Introduction
Rowell’s syndrome (RS) is an uncommon entity in which patients with systemic lupus erythematosus (SLE) rarely develop characteristic lesions similar to those of erythema multiforme (EM)-like skin lesions, in the presence of specific serological abnormalities (1–4). Firstly, the association between lupus and EM was described by Scholtz in 1922. In 1963, Professor Neville Rowell and his colleagues reported four female patients with discoid lupus erythematosus (DLE) and EM-like skin lesions (among 120 patients with DLE) (2,3). SLE is a chronic autoimmune‐mediated inflammatory disorder with multisystem and multiorgan manifestations, while EM is an acute, immune‐mediated condition linked to infection, medications, and autoimmune disorders without special autoantibodies, as seen in autoimmune disorders. EM is distinguished by evident target lesions on the skin, accompanied by erosion, blisters, or bullae of mucosal areas (such as the mouth, genitals, and eyes) (3,5).

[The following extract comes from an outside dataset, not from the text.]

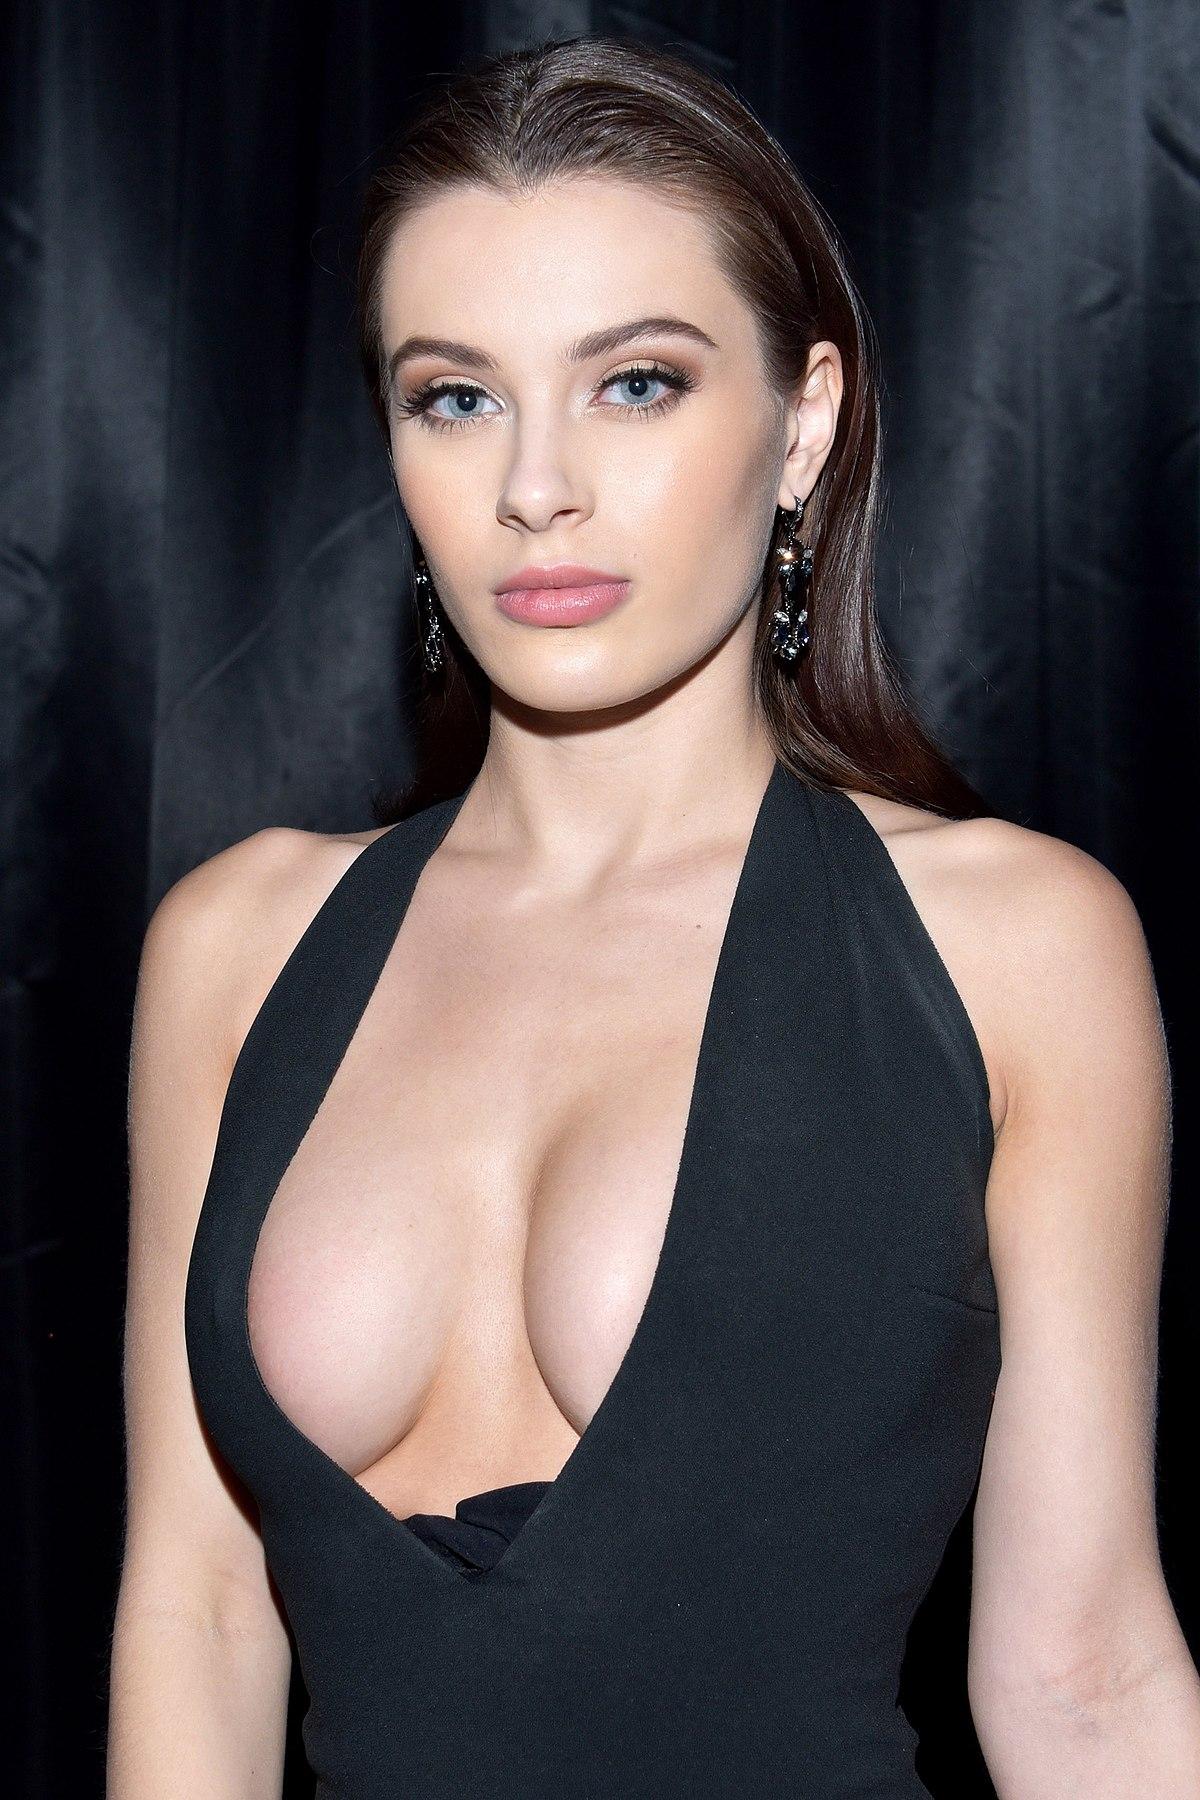 nudes of girls vaginas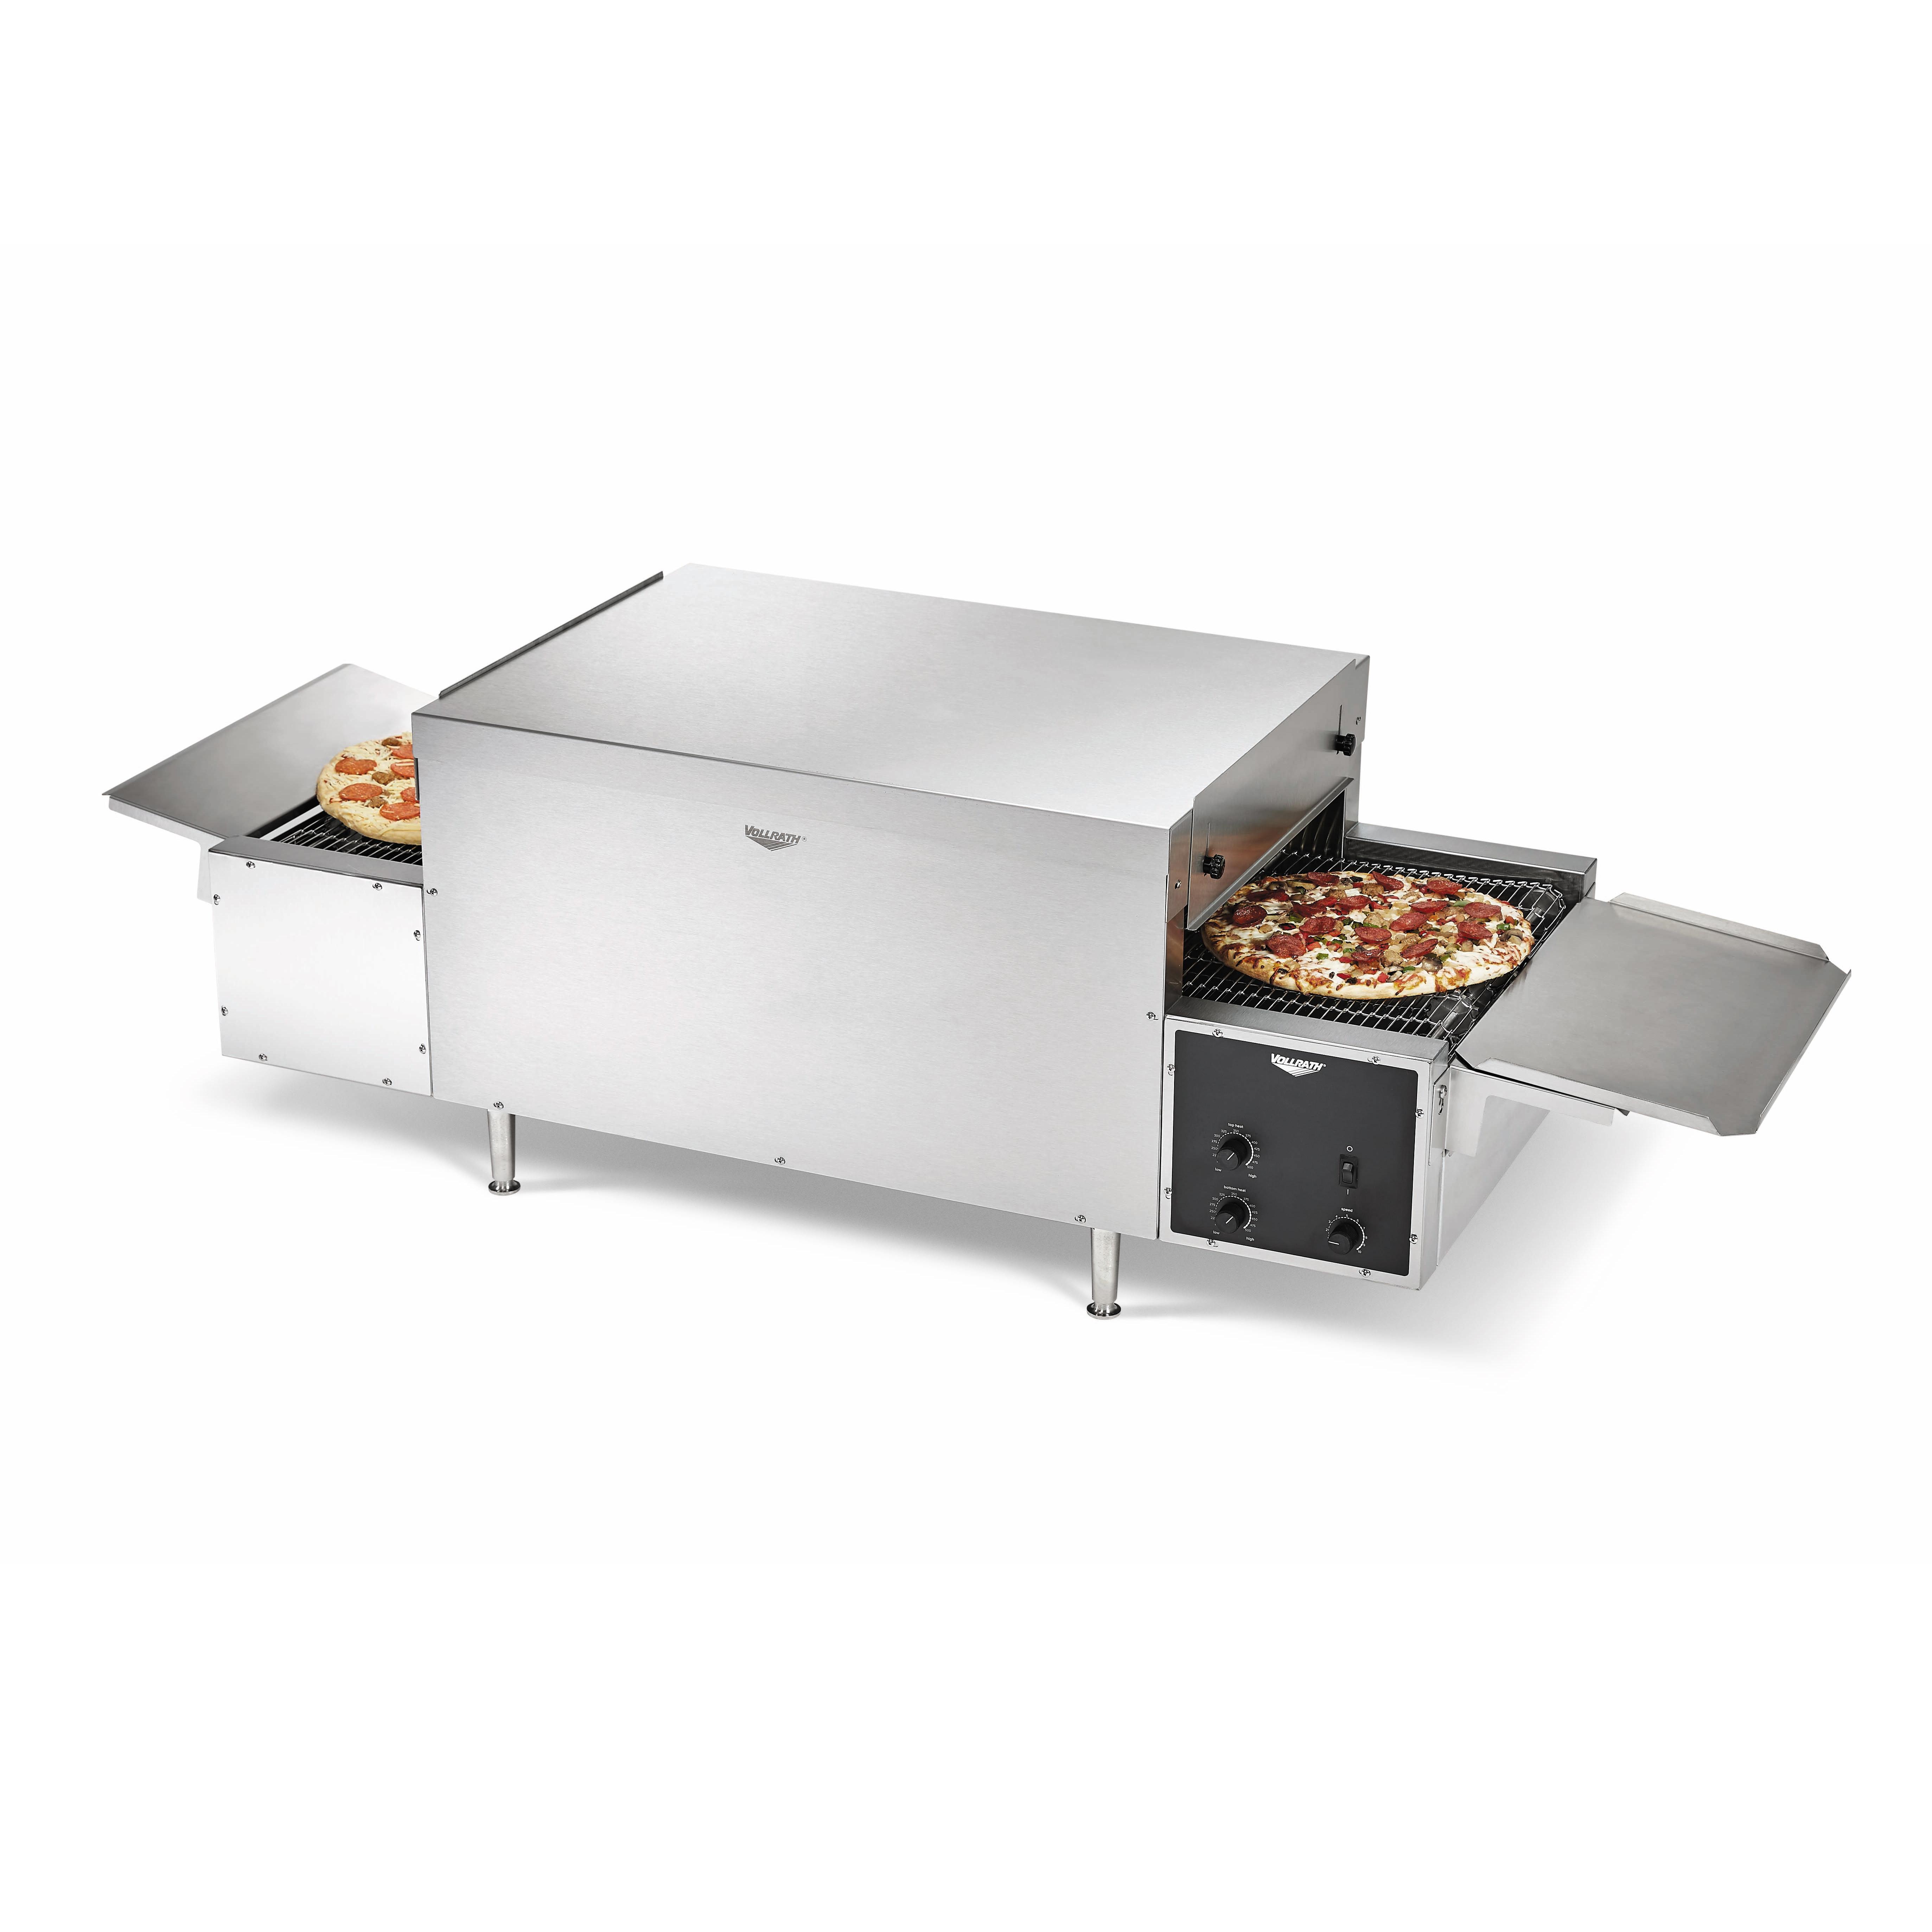 Vollrath PO4-22018R-L oven, electric, conveyor

To reach a diagnosis, meeting all major criteria along with one minor criterion is necessary. Major criteria include the presence of systemic or cutaneous lupus erythematosus (CLE), erythema multiform-like lesions, and antinuclear antibodies (ANA). Minor criteria include the presence of chilblains, anti-Ro, or anti-La antibodies or rheumatoid factor (RF) (4). While the precise etiopathogenesis of RS remains unclear, it is believed to be triggered by factors such as drugs, infections, ultraviolet exposure, cigarette smoking, and psychological stress (1,3). Eventually, RS is considered a rare but distinct entity in rheumatology, and systemic lupus erythematosus (SLE) presenting initially as EM-like lesions is quite uncommon (2).